As another external quality check, geometric accuracy and surface deviation of the newly generated dense point cloud are also evaluated. The geometric accuracy of our generated dense cloud is evaluated through cloud-to-cloud (C2C) comparisons. To this end, the dense cloud obtained from the original processing and the one produced after the filtering step were compared with the reference laser scanning data.

The surface deviation analysis process is performed based on defining a fitted plane on some selected areas using Least Squares Fitting (LSF) algorithm [39]. Similar to the [40] analysis, the C2C distance and spatial distribution of the points around the best-fitted plane are measured using well-known error metrics such as Standard Deviation (STD), Mean Absolute Error (MAE) and RMSE according to the following Equations:

$$STD=\sqrt{\frac{1}{M-1}{\displaystyle \sum }_{i=1}^M{\left(D_i-\overline{D}\right)}^2}$$

(33)

$$RMSE=\sqrt{\frac{1}{M}{\displaystyle \sum }_{i=1}^M{\left(D_i\right)}^2}$$

(34)

$$MAE=\sqrt{\frac{1}{M}{\displaystyle \sum }_{i=1}^M\left|D_i\right|}$$

(35)

which M defines as the number of observed data points of the sample, $D_i$ is the distance value of each point to the corresponding reference point or surface, $\overline{D}$ is the average value of the distance.

4.3. Description of Datasets

Performance evaluation of our algorithm was carried out on different image networks with different properties to check the effectiveness of our method in different blocks. The applied datasets are characterized by different image resolutions, number of images, image overlap, illumination changes and surfaces with different textures and sizes.
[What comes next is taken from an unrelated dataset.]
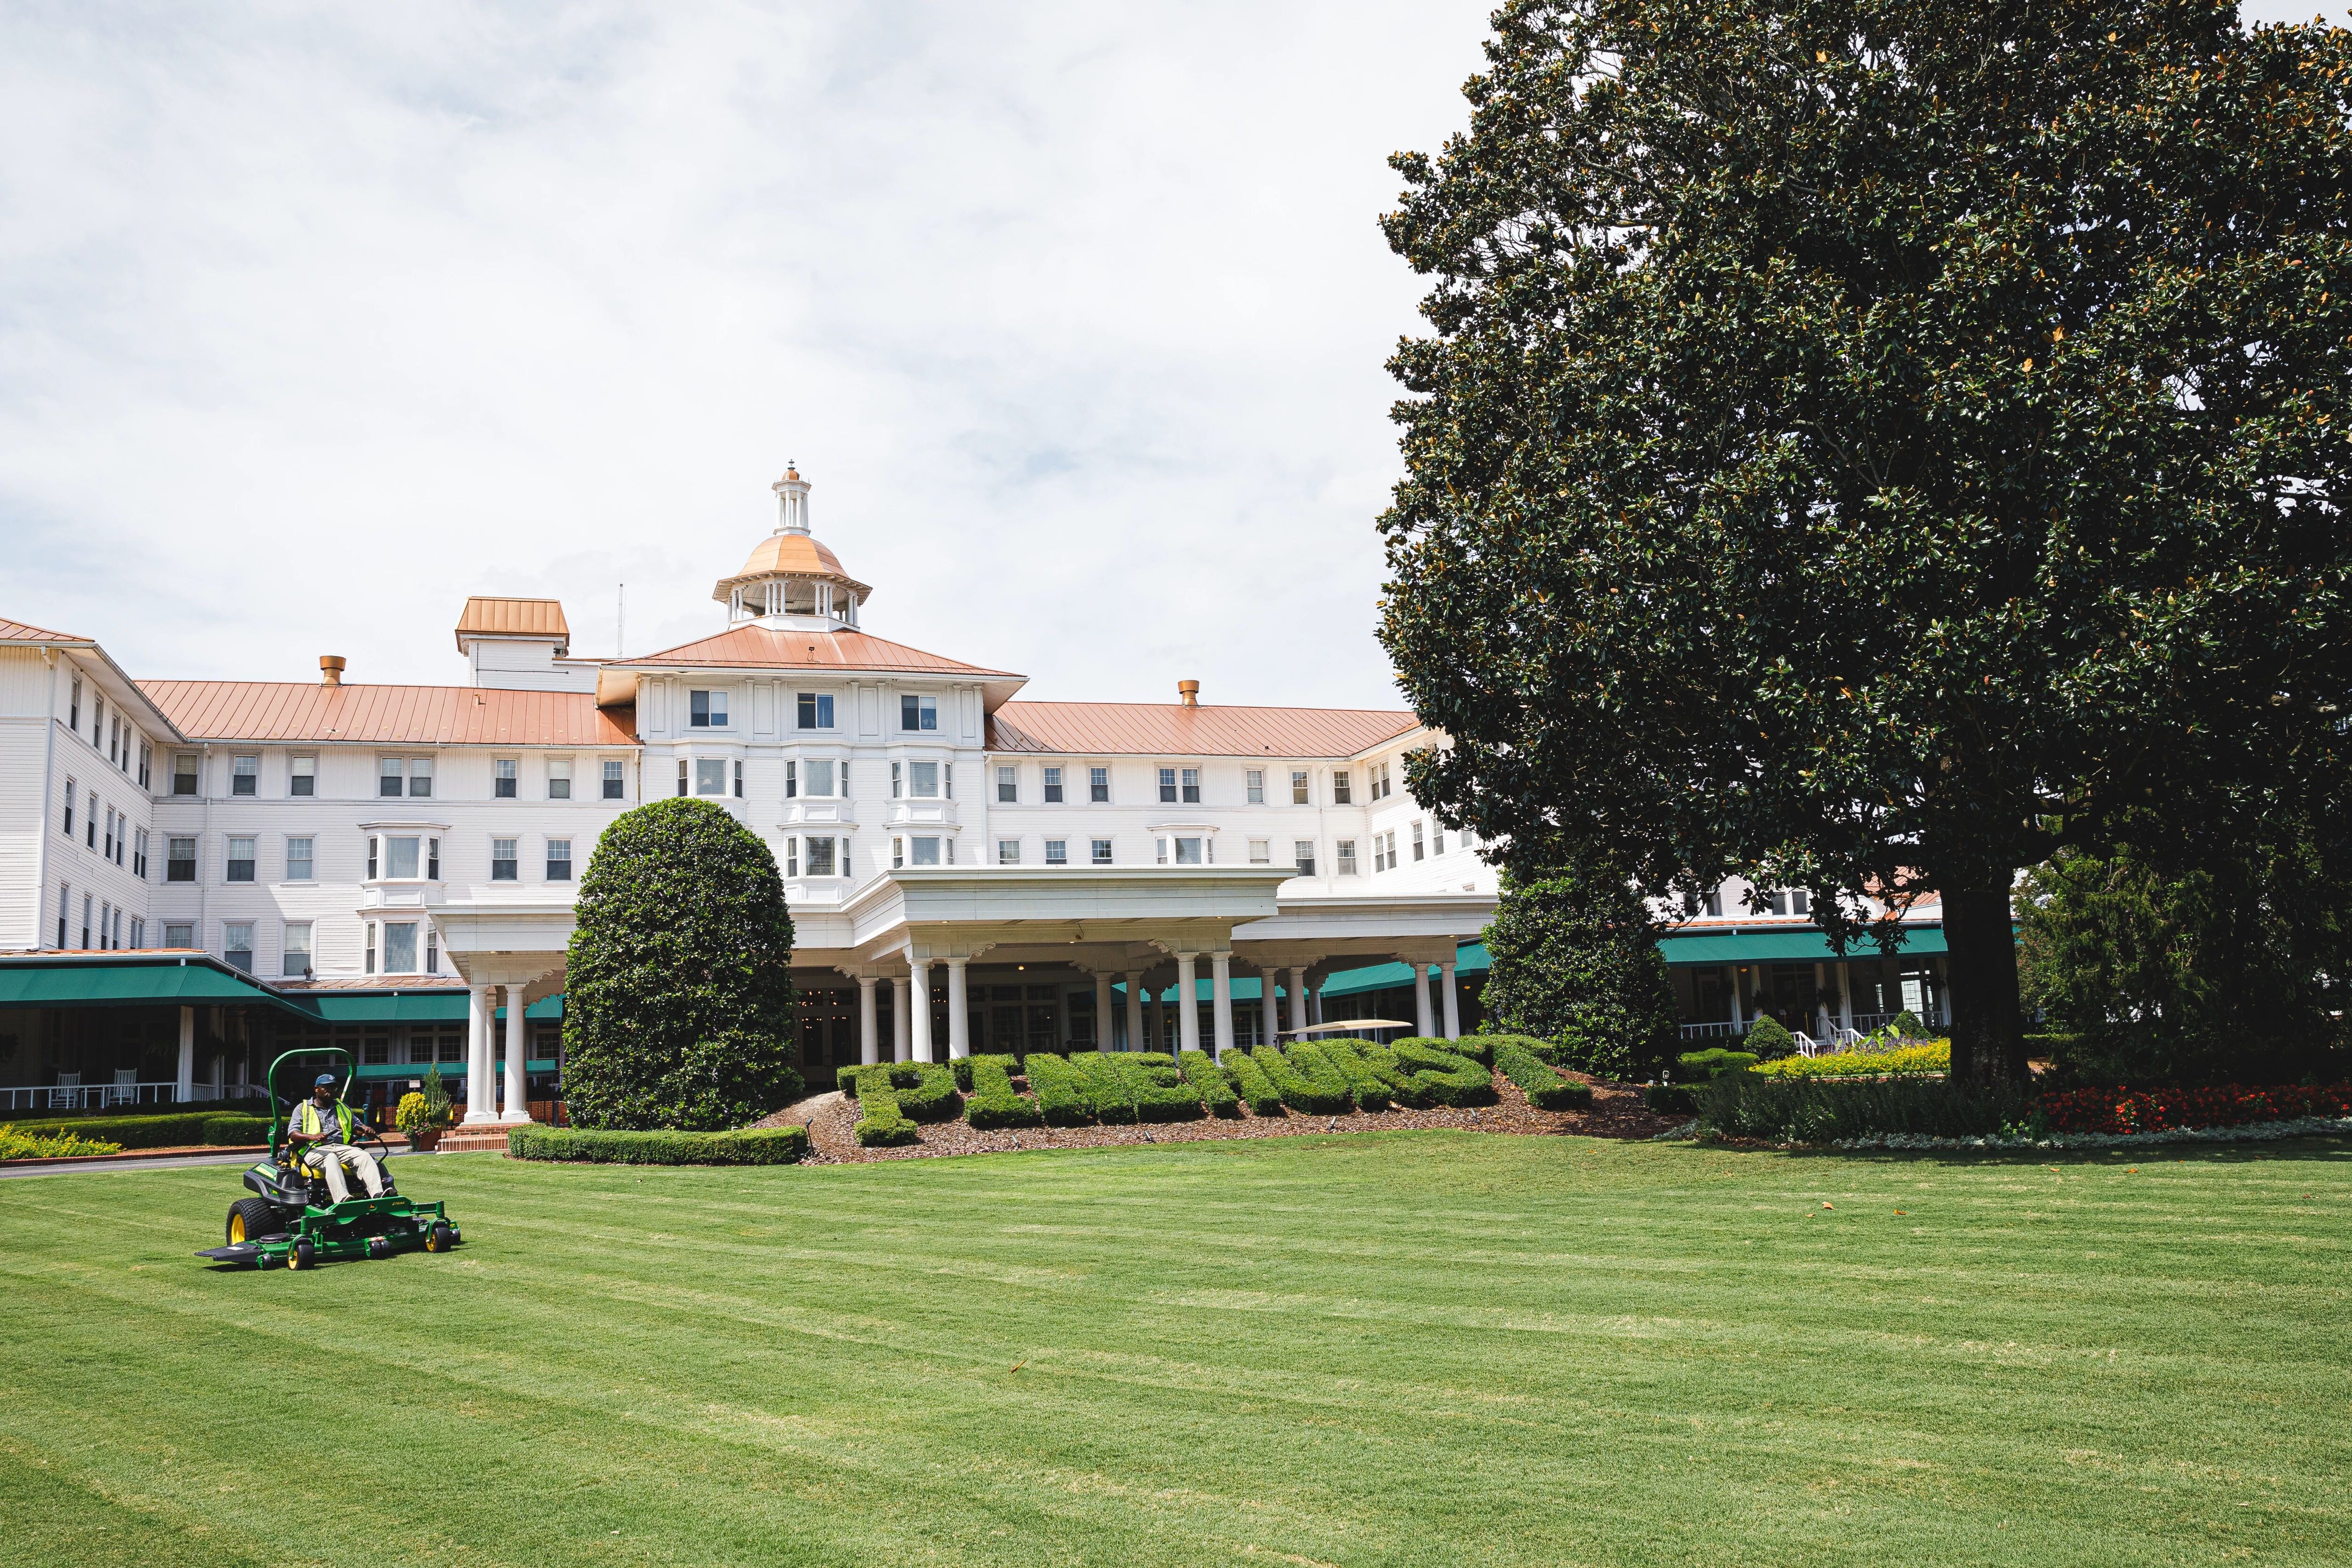 Pinehurst Resort, North Carolina, September 2021, grounds maintenance personnel mowing the lawn in front of the resort clubhouse

Furthermore, we aimed to consider different types of UAV image networks, including normal UAV networks, hybrid networks with horizontal and vertical images, joint networks containing both terrestrial and UAV images and close-range networks with convergent UAV images. Thereafter, four datasets were used to cover all network geometries and analyse the results of our algorithm in different situations. The specifications of each dataset are explained as follows:

• Normal UAV image network: The Dezful dataset is surveyed using 100 UAV images captured using a conventional image network with an average image overlap of 60% and GSD of 2.86 cm/pix. The survey was conducted at the region without great topographic relief by a low-cost aircraft equipped with a DJI FC6520 camera with the focal length of 12 mm and pixel size of 3.2 µm. The images cover a soil-type area with mostly texture-less surfaces, potentially causing feature matches to accumulate in a small region of the image. Therefore, this experiment determines whether our proposed algorithm is capable of selecting a subset of high-quality tie points or not. Figure 5a shows sample images of the dataset, and Figure 5b shows the network geometry.

• Hybrid horizontal and vertical image network: The Halavan dataset contains 238 UAV images with an average GSD of 2.81 cm/pix. These images were captured from the village of Halavan in a mountainous region using a DJI Inspire2 UAV camera (12 mm focal length) with an imaging network containing both horizontal and semi-vertical images. The village has a stepped form architecture, with tall trees and semi-glossy roofs of buildings. These objects cover a large area of images and present a complicated situation where few keypoints are extracted, and the accuracy of aerial triangulation is degraded. Therefore, the presence of this experiment demonstrates whether the proposed algorithm is capable of detecting and filtering these keypoint or not. Figure 6a shows some sample images of the dataset, and Figure 6b shows the imaging network geometry.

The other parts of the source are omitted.